The Treaty of Lisbon offers better protection for services of general interest in the European Union (EU). In particular, it specifies the nature of these services and the principles connected to them.

In addition, the Treaty of Lisbon creates a new legal basis specific to services of general economic interest. The objective is to provide a legal framework for these services at European level.


Services of general interest bring together market and non-market services which are subject to certain public service obligations, due in particular to the general interest they serve.

Services of general economic interest (SGEI) constitute a sub-category and bring together mainly market services. These services are also subject to public service obligations and as such may derogate from certain European rules, particularly in the area of competition. These services include services in the energy, transport and telecommunications sectors.

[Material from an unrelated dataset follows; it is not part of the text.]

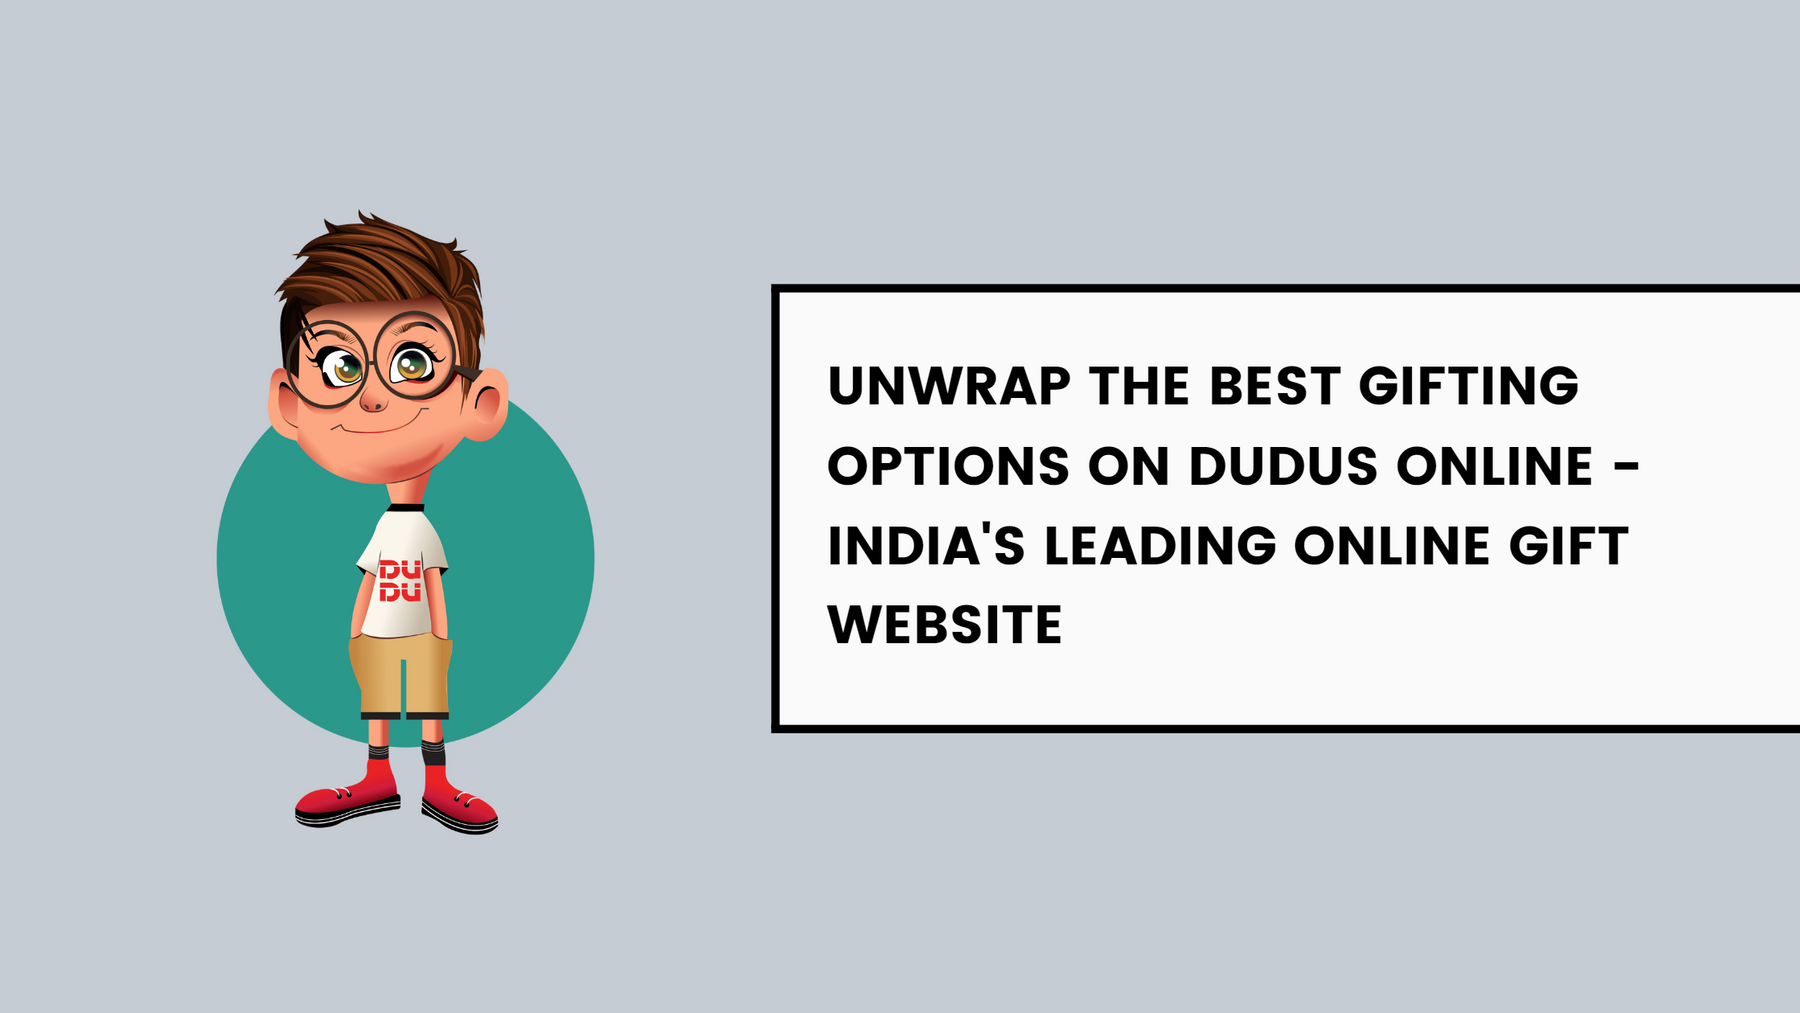 Unwrap The Best Gifting Options On Dudus Online - India's Leading Online Gift Website

Article 106 of the Treaty on the Functioning of the EU specifies that undertakings entrusted with the operation of SGEI are subject to European law only in so far as these rules do not obstruct the particular tasks which they must carry out.

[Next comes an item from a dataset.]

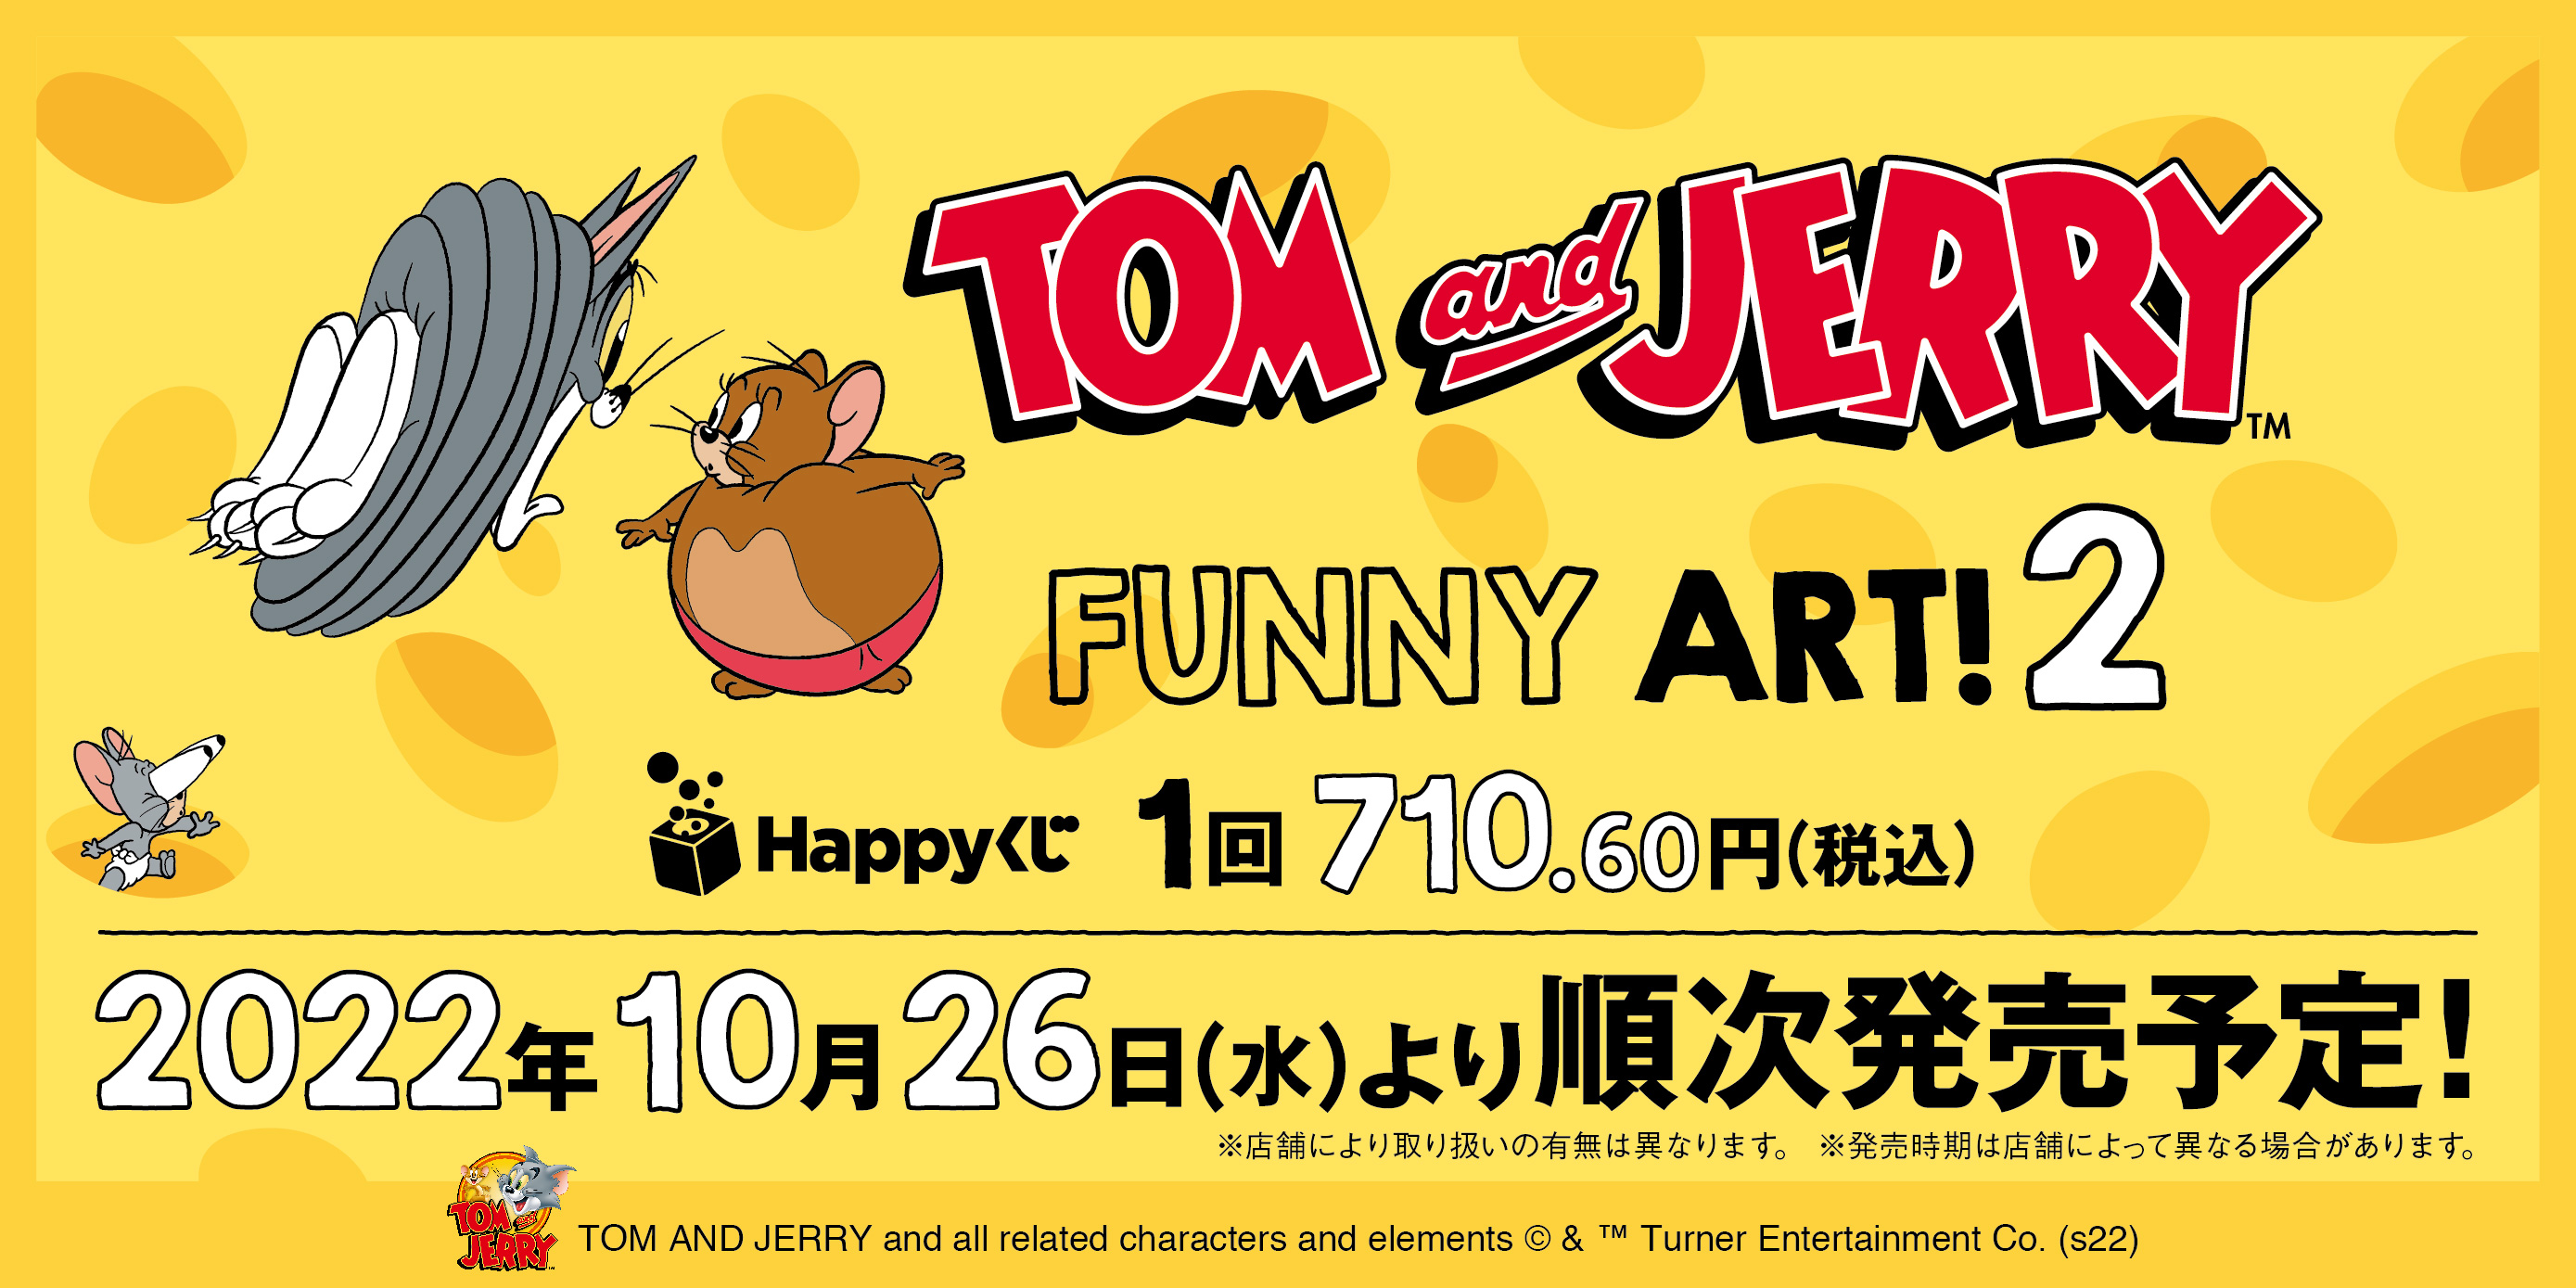 『TOM and JERRY FUNNY ART!』2

Recognising services of general interest in the EU is complex as the means of managing these services vary widely depending on the traditions of the Member States. For a long time the EU considered SGEI solely from the perspective of competition law, for example by recognising that the implementation of SGEI could derogate from the rules of free competition.

However, the Treaty of Lisbon breaks new ground by adding a protocol on services of general interest to the founding Treaties. This protocol, which has the same legal value as the Treaties, specifies the protection to be afforded to SGEI at European level. It recognises:

  • the role and discretionary powers of the national authorities in operating SGEI;
  • the diversity of SGEI, due in particular to the geographical areas and different cultures;
  • the high level of quality, and the equal treatment of users and universal access to SGEI.


The Treaty of Lisbon introduces another innovation. It creates a new legal basis which enables the European institutions to adopt regulations concerning the operation of SGEI. Article 14 of the Treaty on the Functioning of the EU specifies that the Council and the Parliament may establish certain principles and conditions relating to the commissioning and financing of SGEI.

This legal basis should therefore enable the EU to reconcile the general interest in the best possible way with compliance with the rules on competition in the operation of SGEI. However, the Treaty on European Union specifies that EU intervention shall not affect the competency of Member States. The latter are therefore free to define and organise the SGEI which they provide to their citizens.

This summary is for information only. It is not designed to interpret or replace the reference document, which remains the only binding legal text.